Elle voulait mettre son mari à l’épreuve ; mais Ulysse se mit en colère et s’écria :
— Femme, qui a déplacé mon lit ? Ce serait impossible de le déplacer, même pour un homme de l’art, à moins d’être aidé par un dieu. Car notre grand signe de reconnaissance, c’est ce lit travaillé. Je l’avais fabriqué tout seul ; à l’intérieur de l’enceinte poussait un olivier au feuillage léger, un arbre vigoureux, luxuriant, épais comme un pilier. Autour de lui j’ai construit la chambre, j’y ai fixé des portes bien jointoyées, puis j’ai scié le fût à la racine et je l’ai poli à la râpe de bronze. En le prenant comme socle, j’ai poli le lit, j’y ai tendu des courroies de bœuf d’un rouge vif. Je ne sais pas si le lit est toujours en place, femme, ou si quelque homme l’a mis ailleurs, en sciant le tronc de l’olivier.
Pénélope sentit défaillir ses genoux et son cœur, car elle avait reconnu les preuves énoncées par Ulysse. En pleurant elle se précipita sur lui, lui mit les bras autour du cou, lui embrassa la tête et lui dit :
— Ne te mets pas en colère, Ulysse. Tu as toujours été le plus avisé des hommes. Sans cesse mon cœur était pris de la crainte qu’un homme ne vînt m’abuser par des discours. Mais toi seul pouvais décrire ainsi notre couche, car aucun autre homme ne l’a jamais vue.
Alors le désir de sanglots envahit le cœur d’Ulysse et il pleura en tenant son épouse toute charmante, son épouse fidèle. L’Aurore aux doigts de rose allait apparaître comme ils pleuraient encore, mais Athéna la déesse aux yeux d’aigue-marine eut une autre idée ; elle arrêta la nuit qui s’allongeait vers l’horizon, elle retint l’Aurore au trône d’or près de l’Océan et elle lui interdit de mettre sous le joug ses chevaux aux sabots rapides qui portent la lumière aux hommes.
Ulysse plein de ruse dit alors à sa femme :
— Femme, nous ne sommes pas au bout de nos peines : j’ai encore à affronter une épreuve, démesurée, difficile. C’est l’âme de Tirésias qui me l’a prédite. Je dois aller de ville en ville avec dans les bras une rame équilibrée jusqu’à ce que j’arrive chez des gens qui ignorent la mer, le sel, les bateaux.
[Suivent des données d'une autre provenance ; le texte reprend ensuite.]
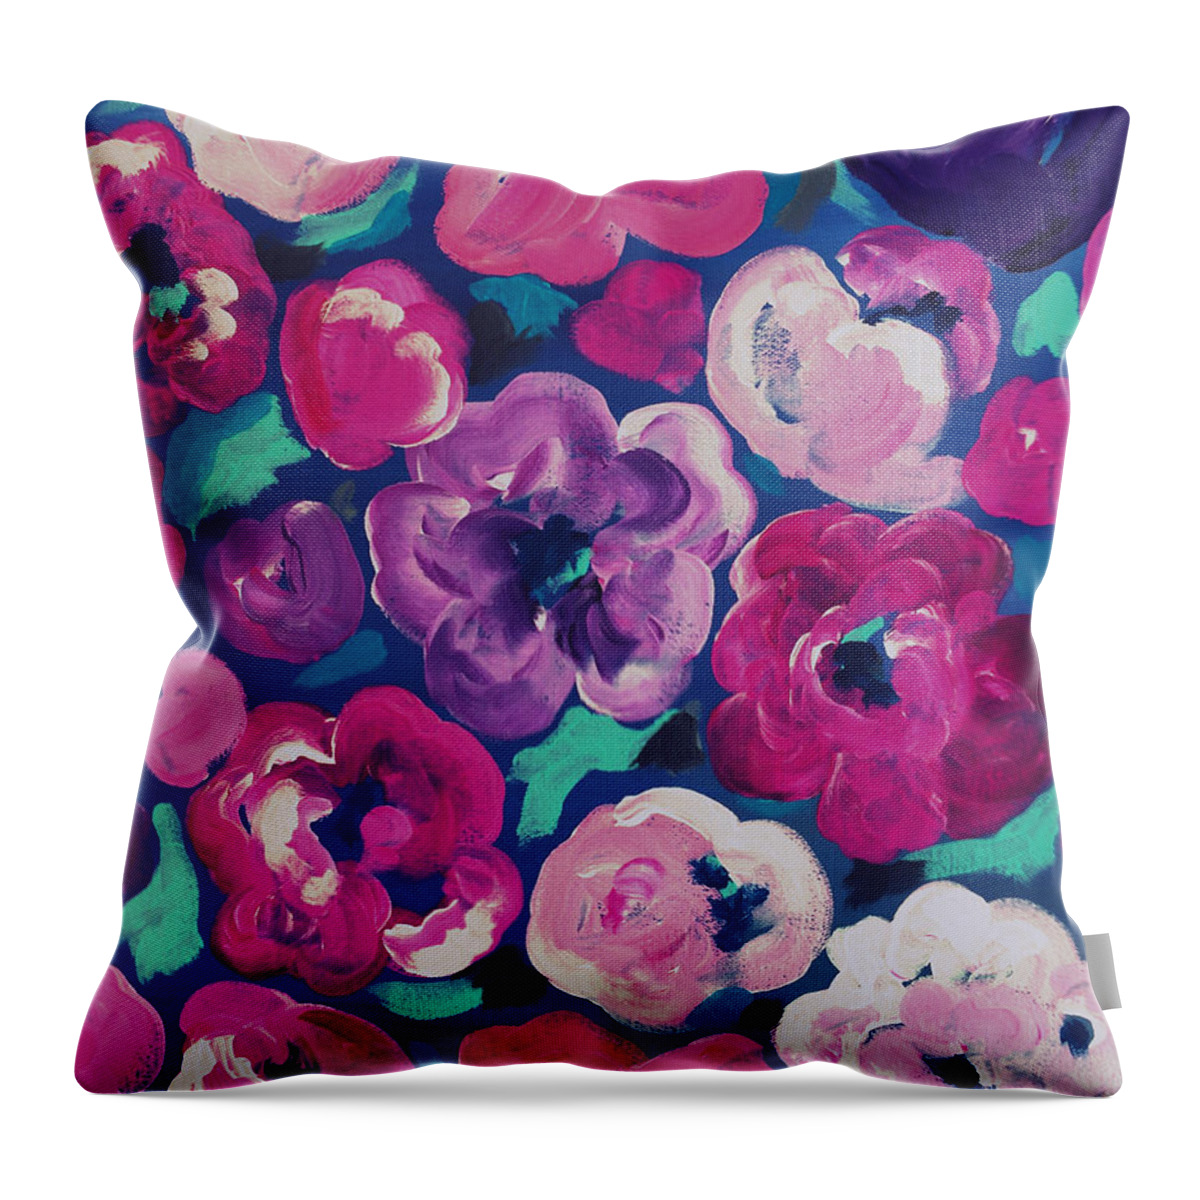 Floral Art Throw Pillow featuring the painting Crush by Beth Ann Scott

Quand un passant me croisera et me demandera quelle est, sur ma brillante épaule, cette pelle à vanner, alors je dois ficher ma rame en terre, sacrifier à Poséidon Souverain un agneau, un taureau et un verrat adulte, puis, revenu chez moi célébrer pour les Immortels de saintes hécatombes, la mort me viendra de la mer, une douce mort qui m’emportera après une vieillesse opulente.
Tandis qu’ils parlaient, Eurynomé et la nourrice couvraient le lit d’une couche moelleuse à la lumière des torches. Ensuite Eurynomé, servante de l’amour, les conduisit vers le lit, une torche à la main. Et eux, en plein bonheur, ils retrouvèrent l’habitude ancienne de leur lit.
Quand Pallas Athéna la déesse aux yeux d’aigue-marine estima qu’Ulysse avait eu son content du lit de son épouse et de sommeil, elle fit surgir de l’Océan l’Aurore fraîche éclose, pour porter la lumière aux hommes. Ulysse se leva de sa couche moelleuse et dit à son épouse :
— Femme, nous voici de nouveau réunis tous les deux, et j’ai à m’occuper de mes biens, de mes troupeaux. Mais je vais aller au domaine riche en vergers voir mon noble père, il a tant de chagrin pour moi.
Sur ces mots il couvrit ses épaules de sa bonne cuirasse, réveilla Télémaque, le bouvier et le porcher, et leur ordonna de s’équiper en guerre. Ils obéirent, endossèrent leur armure de bronze ; on ouvrit les portes et les quatre hommes sortirent. Ulysse marchait devant. Athéna, vite, leur fit quitter la cité en les cachant dans l’ombre.